Analyses of alpha and beta diversities in the bacterial communities were carried out with the microeco package79 in R software version 4.2.0 (https://www.r-project.org/)78. We scrutinized differences in alpha diversity indices (observed species, Chao1 index, Shannon diversity index, and phylogenetic diversity; PD), Bray–Curtis dissimilarity, and the relative abundance of gut bacterial taxa among four groups (AB, AN, JB, and JN) using the Kruskal–Wallis test. Dunn's post hoc test was employed for comparison when significant differences emerged.

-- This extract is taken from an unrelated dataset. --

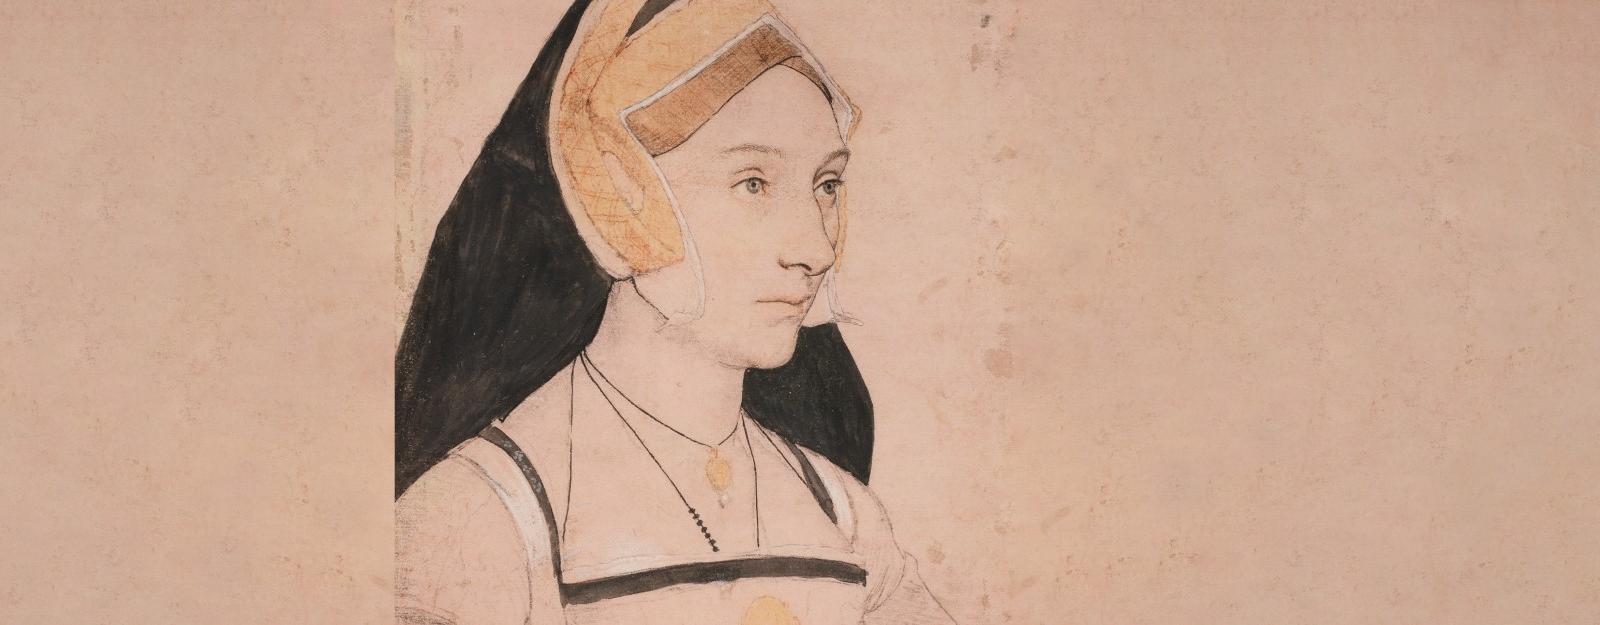 A portrait drawing of Mary Shelton by Hans Holbein the Younger
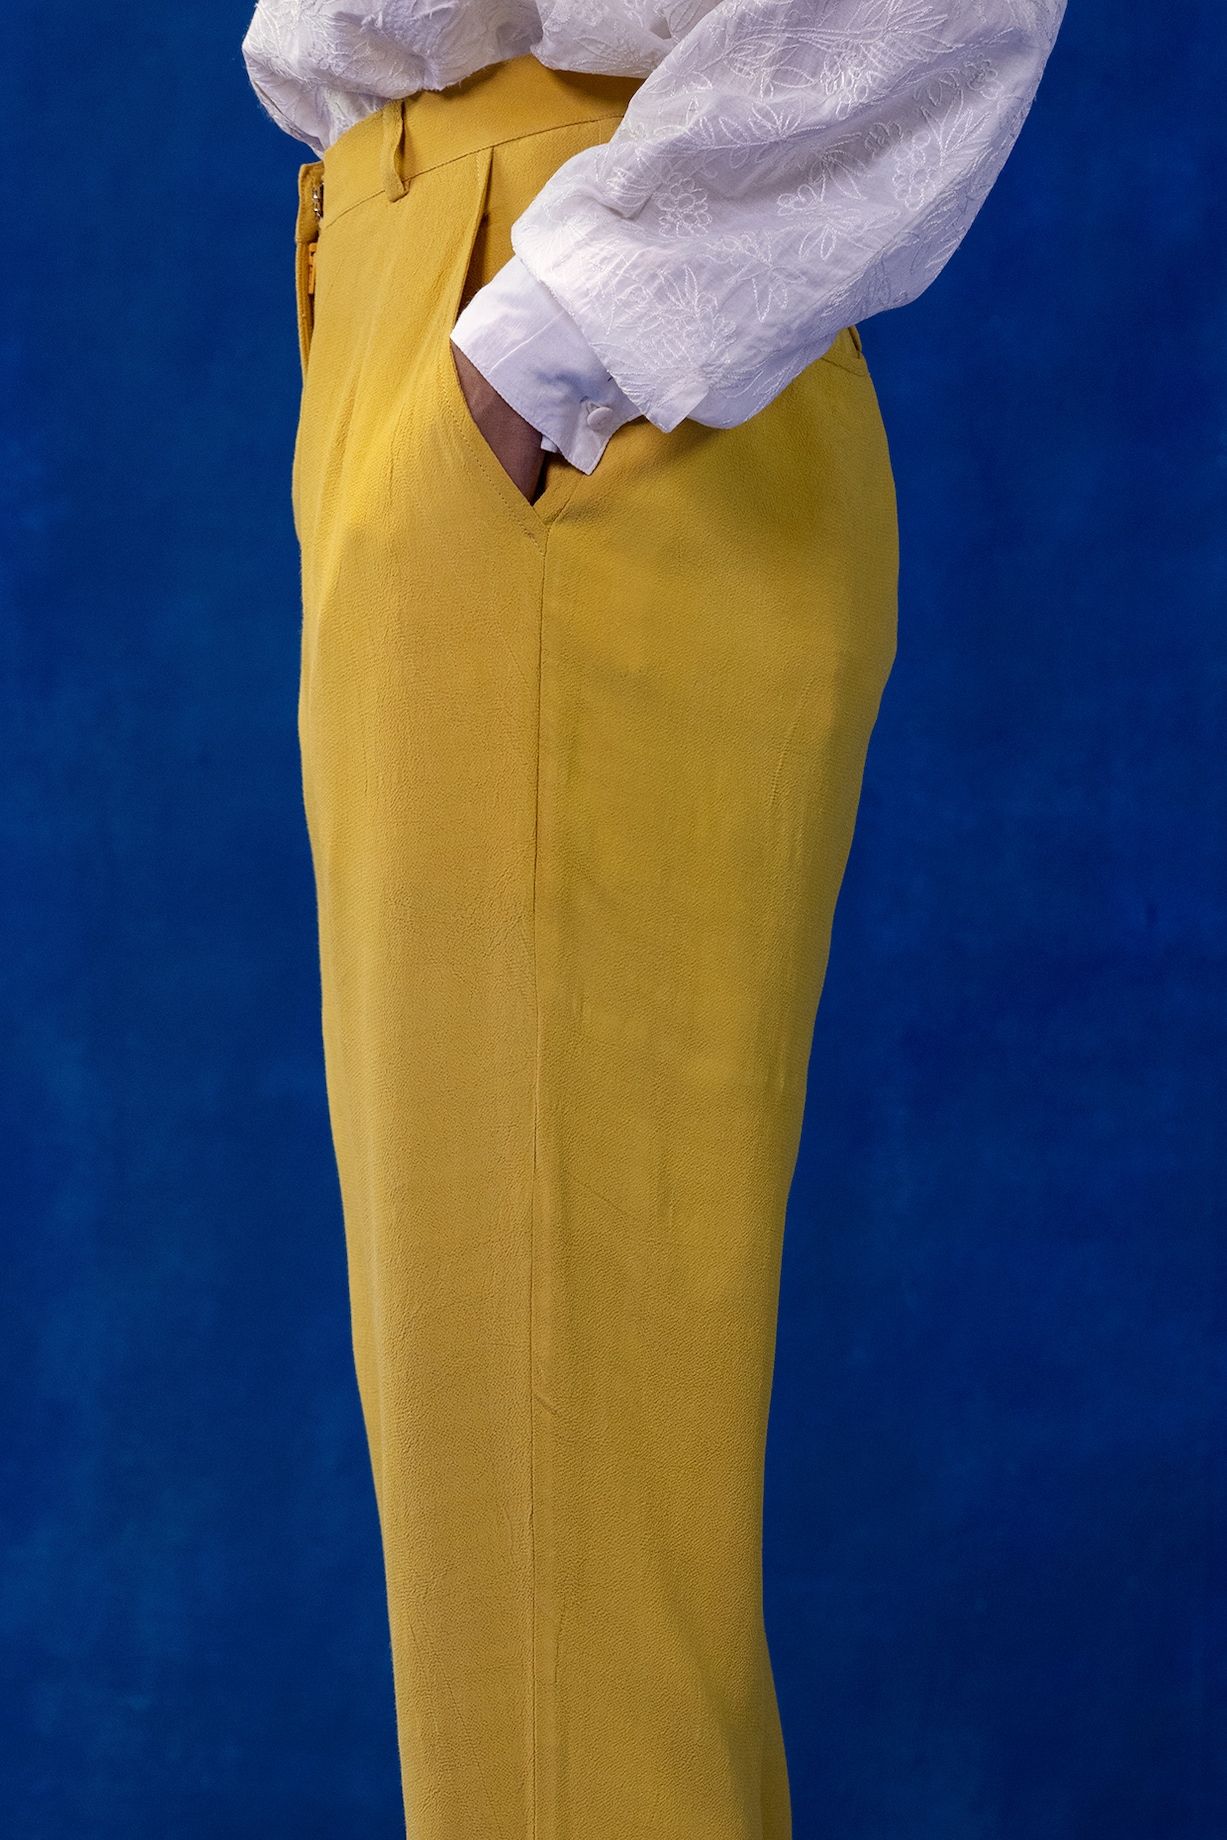 Spicy Mustard Heavy Crepe Pants Design by Kauza at Pernia's Pop Up Shop 2024

A permutational multivariate analysis of variance (PERMANOVA) was utilized to analyze differences in bacterial community composition, and the results were visualized through principal coordinate analysis (PCoA). For bacterial taxonomic data, we carried out a Hellinger transformation and compared it with a dissimilarity matrix, which was constructed using the Bray–Curtis distance metric.

We conducted a comprehensive correlation analysis among various factors, including food sources (δ13C and δ15N), gut bacterial diversity metrics (observed species, Chao1 index, Shannon index, and PD whole tree), the relative abundances of Firmicutes and Bacteroidetes (the two dominant OTUs in the gut bacterial community), and physiological conditions such as BKA, fat content, and lean body content. The method of choice for this phase was Spearman correlation analysis, and we set the threshold for statistical significance at p < 0.05.

ARRIVE guidelines

Animal experimental procedures and laboratory animal management were conducted with the approval of the Laboratory Animal Ethics Committee of the Kongju National University (KNU_2022-01). The study is performed in accordance with ARRIVE guidelines.